A trio of teens leaving for college finds itself under attack as Travis discovers the magic he needs to avenge his parents is diabolical.
But Travis cannot stop. The Bucharest witches hunting him have tracked his whereabouts, and he must refuel to fight them the only way he can: feeding off the terror of townspeople.
Average: 3.51 | Amazon: 4.10 | Goodreads: 3.42 | LibraryThing: 4.00
By Patrick Delaney
“A witch.
That was seven-year-old Madelyn Lamprey’s first thought when she saw the woman standing there in front of the tree, still as a statue. In fact, Madelyn thought she was a statue initially, like an old Halloween decoration someone left out, maybe to try and scare her.”
Witch 13 is a supernatural horror story.
On the eve of her resignation, Sheriff Sterling Marsh prepares for a bleak winter in Drybell, Connecticut, after a string of bad decisions leaves her life in shambles. Two weeks before Christmas and expecting a long night of paperwork and quiet celebration with friends, she’s surprised when an unnerving stranger appears in the form of a witch.

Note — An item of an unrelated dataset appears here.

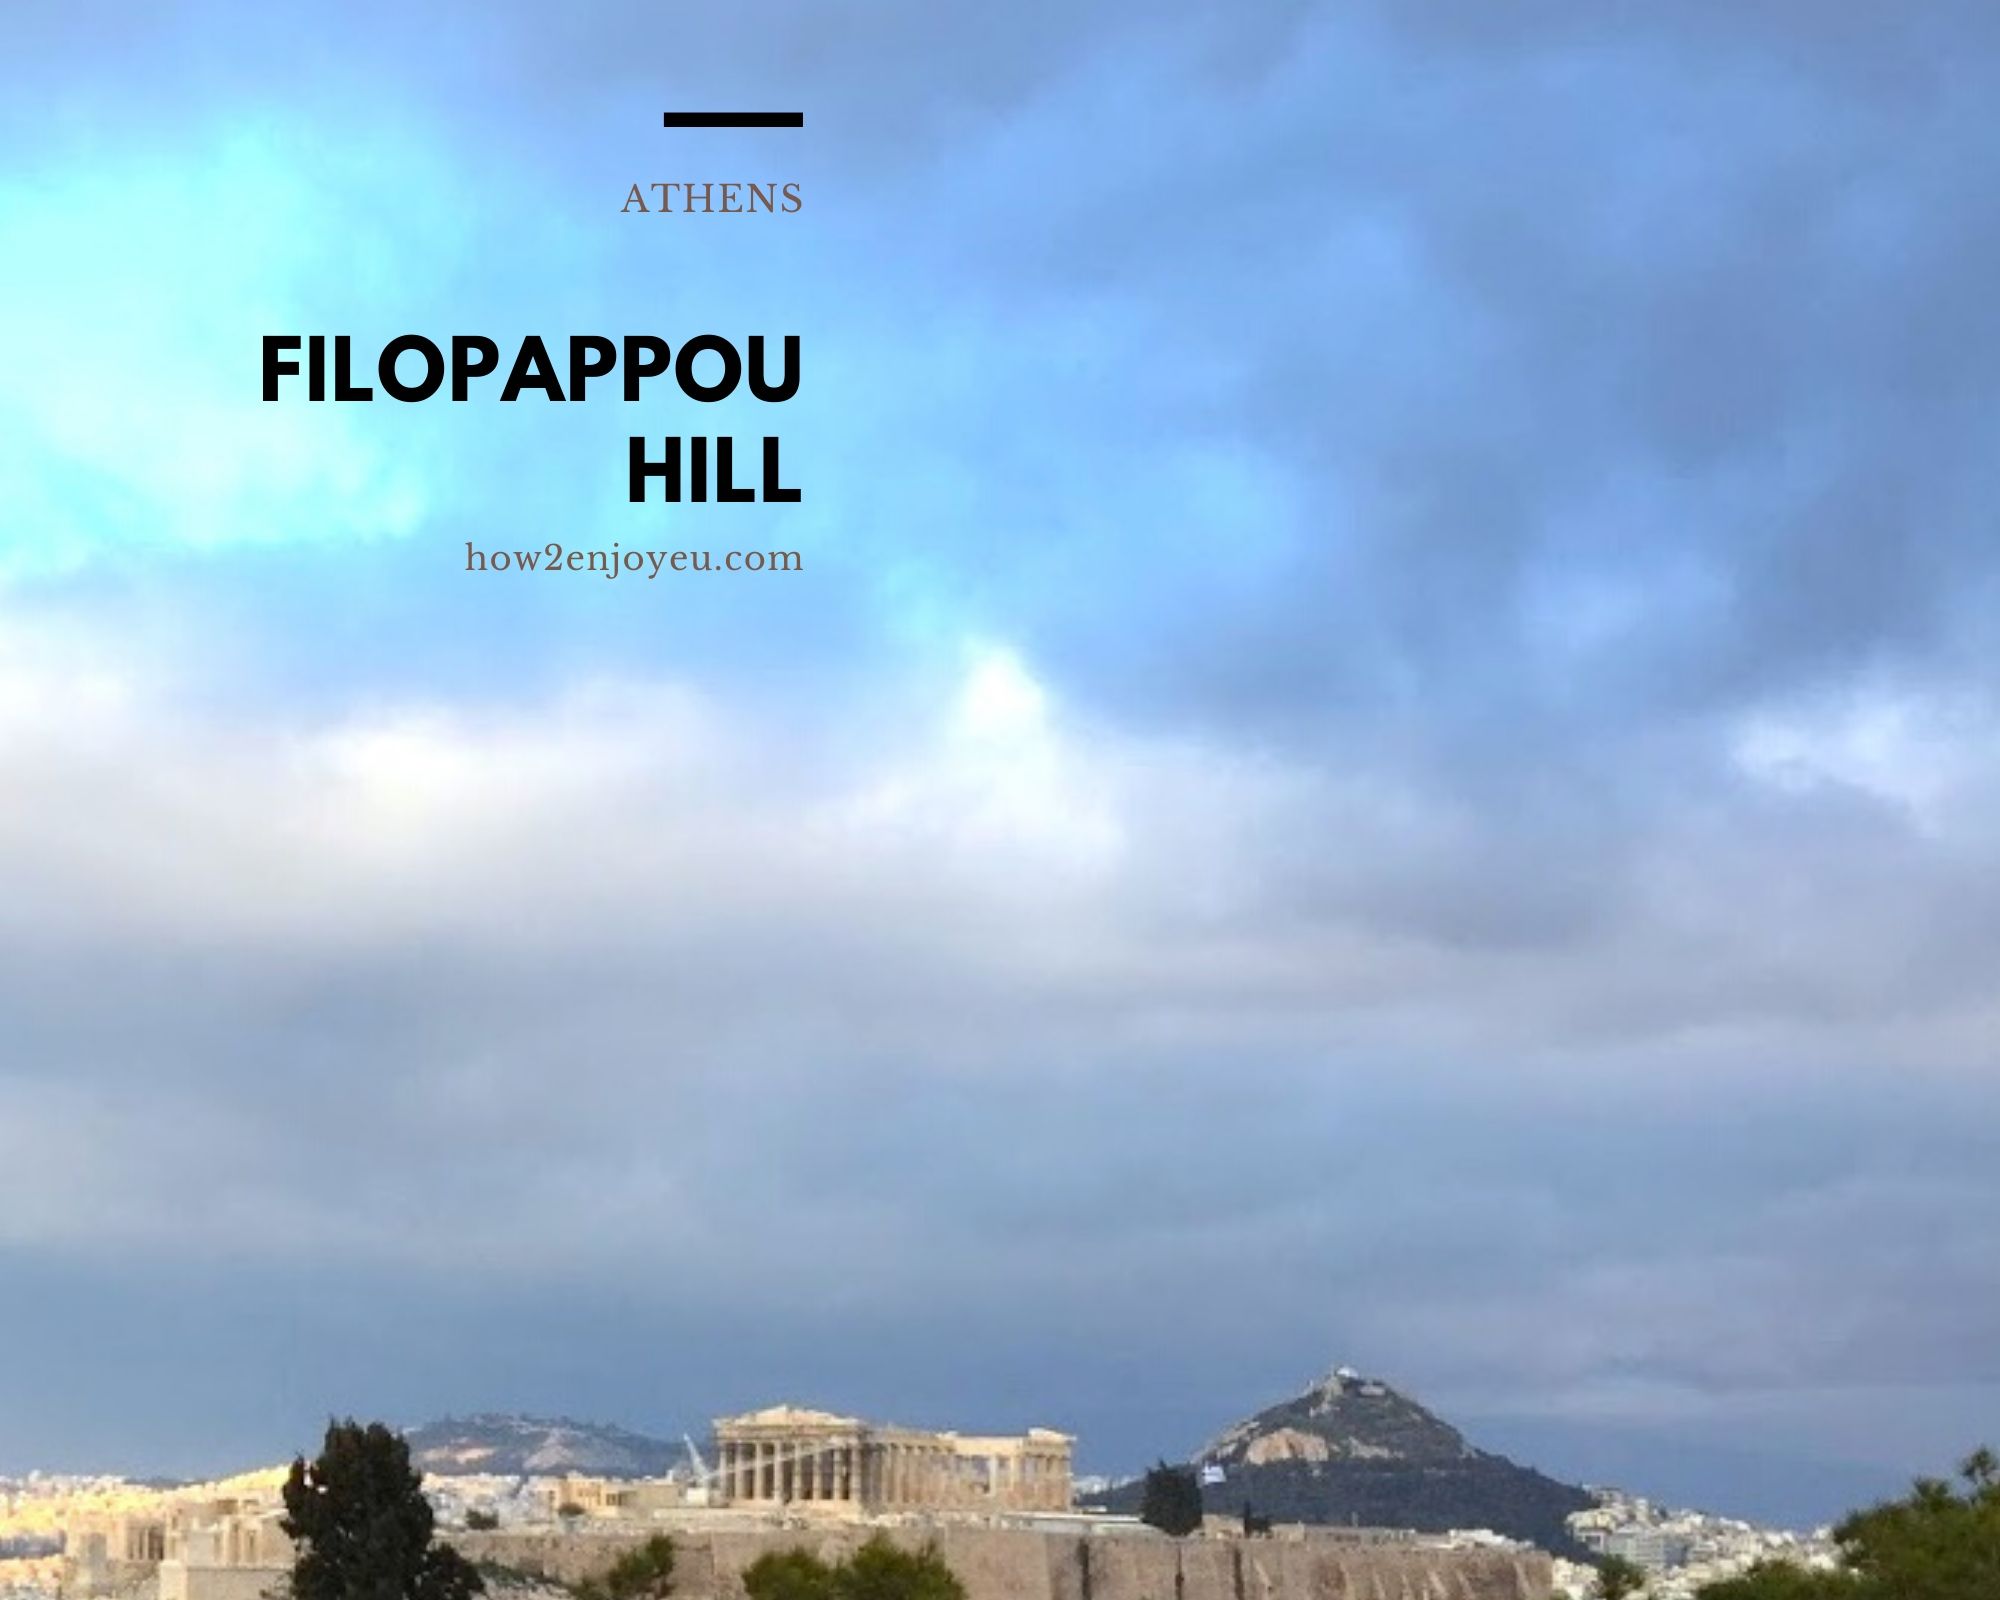 You are currently viewing アテネ、フィロパポスの丘でギリシャ神話みたいな写真が撮れた！【Filopappos Hill】

A silent, menacing figure, the witch appears to be ripped straight out of a fairytale, complete with a tall, pointed hat, and black clothing. But when strange things begin happening all over town, Sterling begins to suspect that there may be more to the witch than meets the eye.
As she works to maintain order while the world crumbles around her, the witch’s presence throws Sterling’s world into a frenzy, threatening to send the sleepy town spiralling into the darkest night it’s ever known.